Forbes Media has acquired FlipGloss and its Digital Glossy Insert photo publishing platform for an undisclosed amount. FlipGloss was fully funded by Forbes Media but was previously not considered a subsidiary of the media group. Founded by former Yahoo! digital music executives, FlipGloss has a host of prominent advisors, including Marc Bodnick from Elevation Partners, former Forbes publisher Jim Berrian, and the founders of Launch.com, Dave Goldberg and Bob Roback.
FlipGloss, which launched earlier this year, is a digital magazine focused purely on editorial and advertising photo content.
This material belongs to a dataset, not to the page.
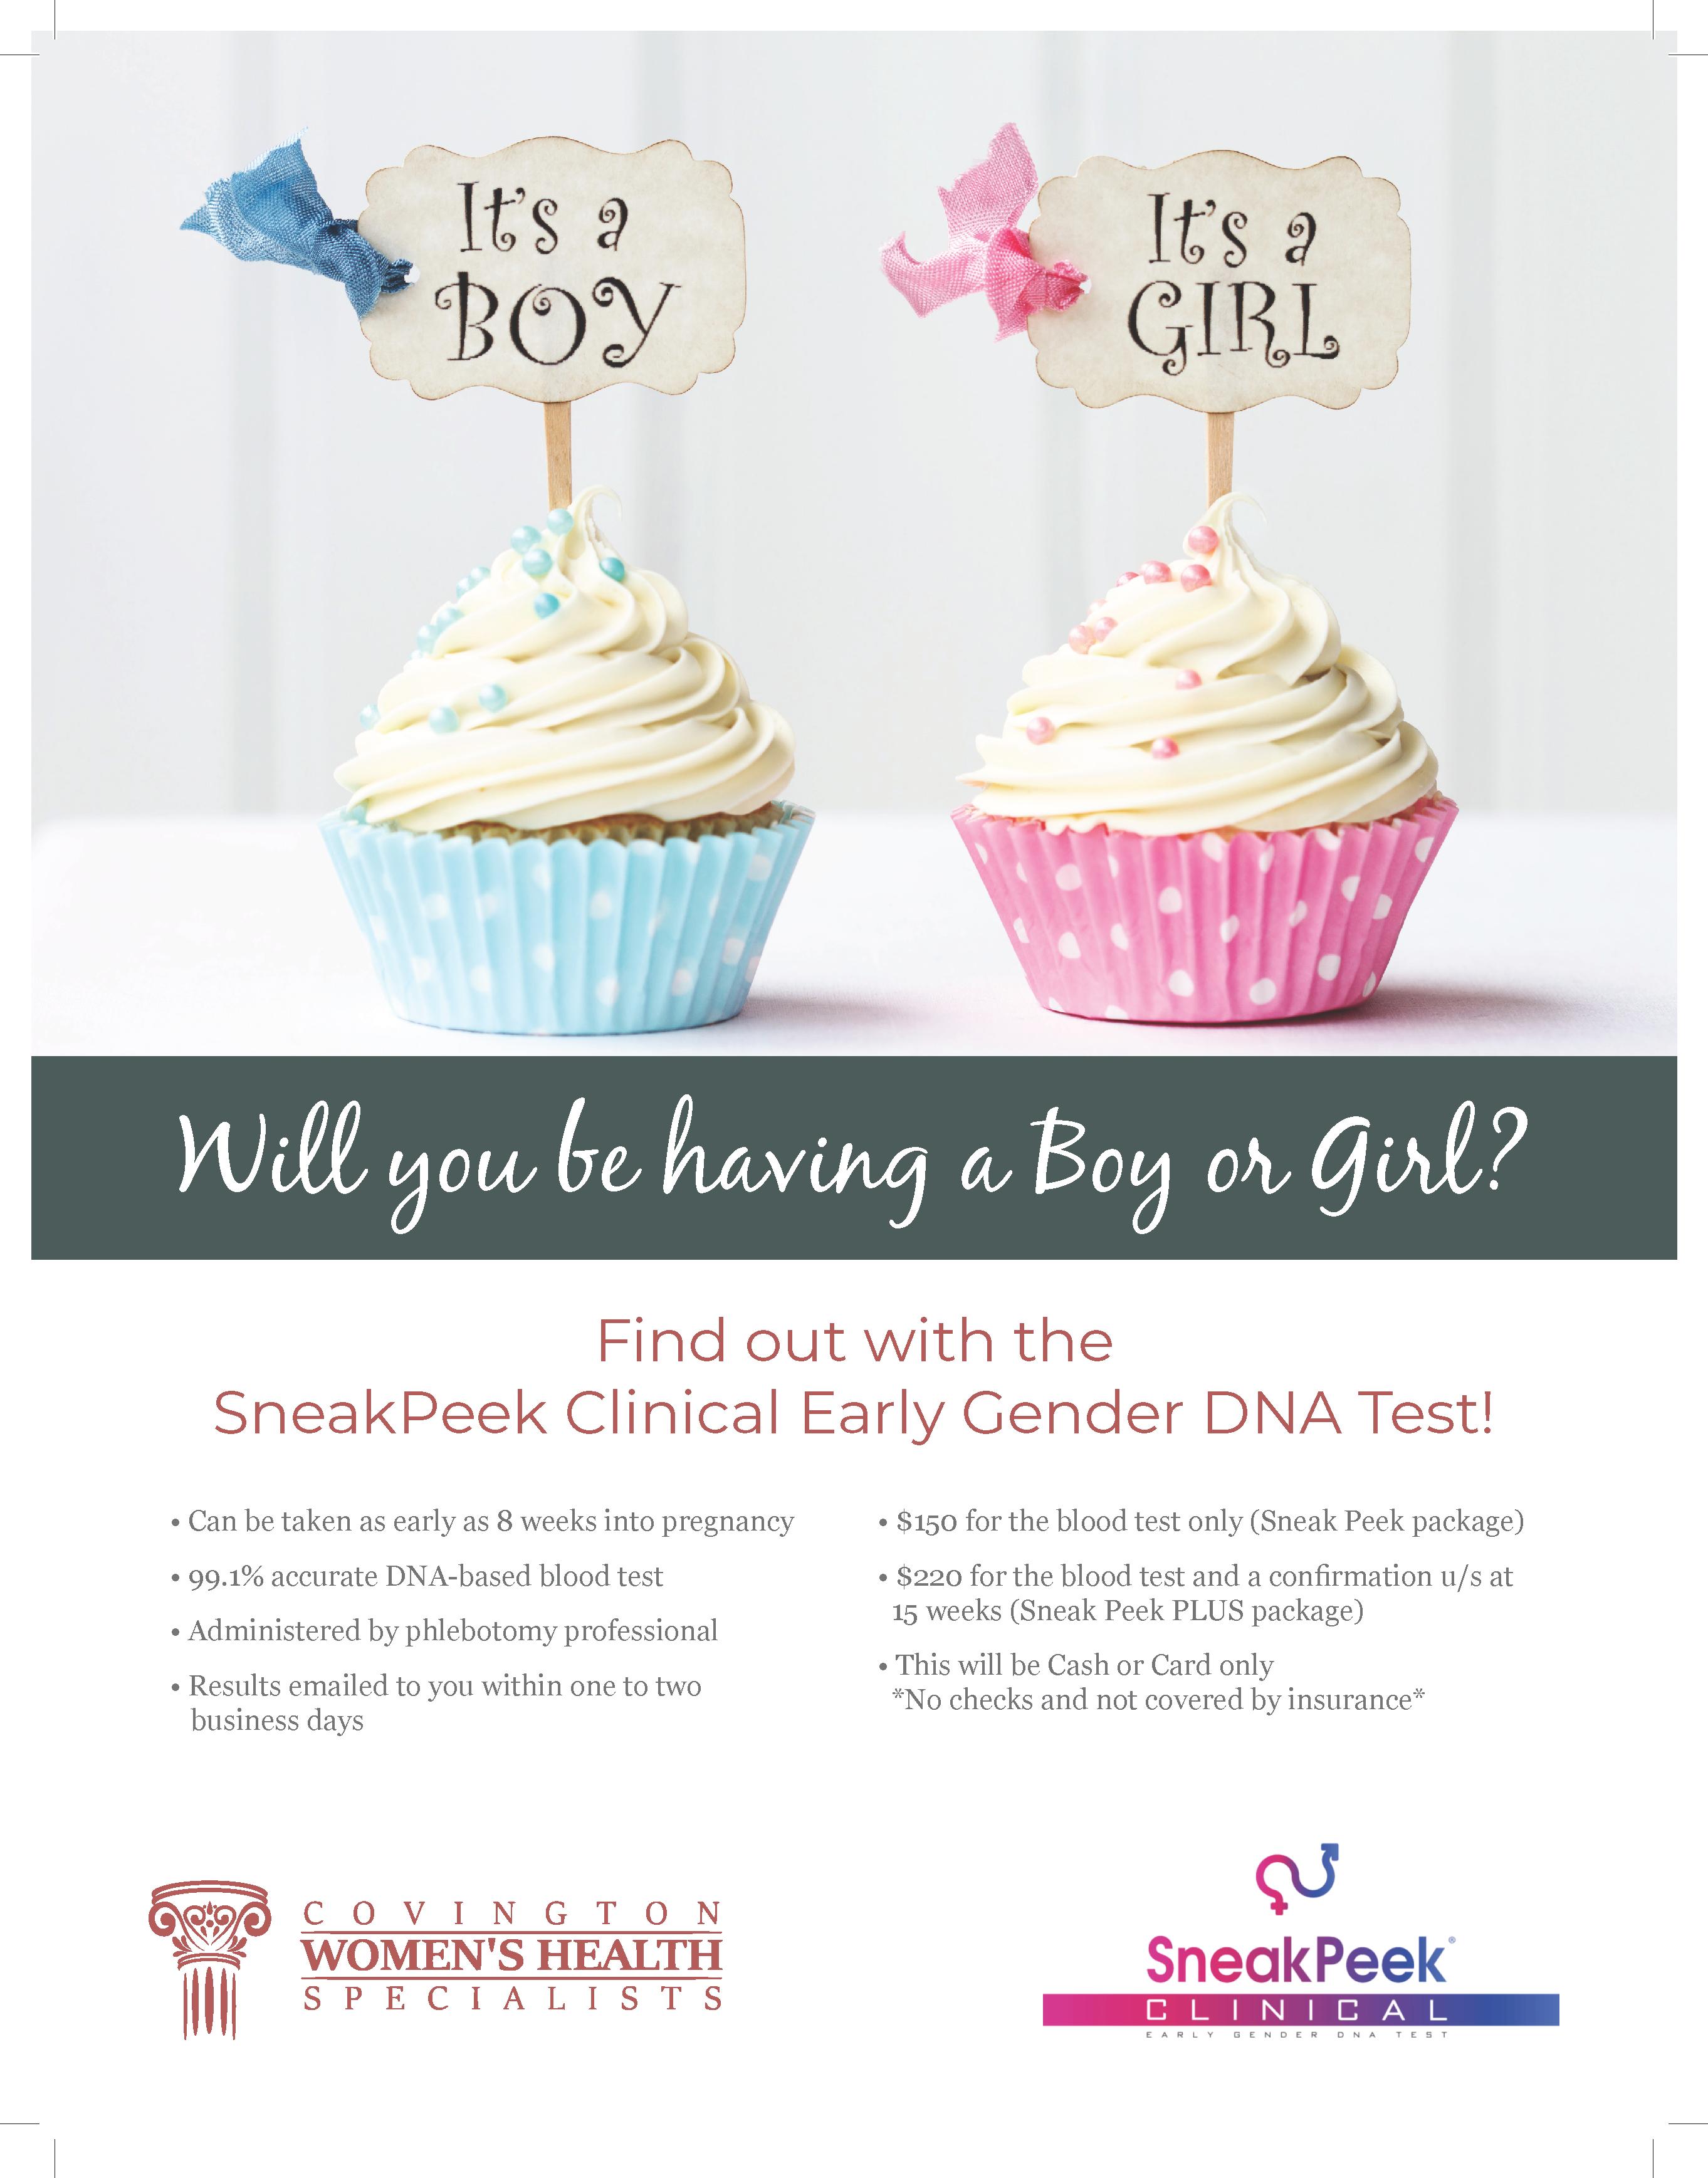 Flyer three of Covington Women's Health gender reveal service.

The site features “lifestyle” based photography focused on fashion, design and travel and combines search engine capabilities with the experience of flipping through photo content of a magazine. Forbes just laid off a significant amount of staff but it still managed to pony up the funds for FlipGloss.
The FlipGloss’s patented Digital Glossy Insert slideshow technology lets users ‘Flip, Hover, and Discover’ editorial content and ads in an interactive image stream.Forbes says that FlipGloss’s technology already being implemented and is powering Forbes’ new ranking of “The World’s Most Powerful People.” It makes sense for Forbes to use FlipGloss to scale its multimedia capabilities. We were critical of FlipGloss’ ambitions to be a popular online destination in our initial review, but its technology is visually compelling.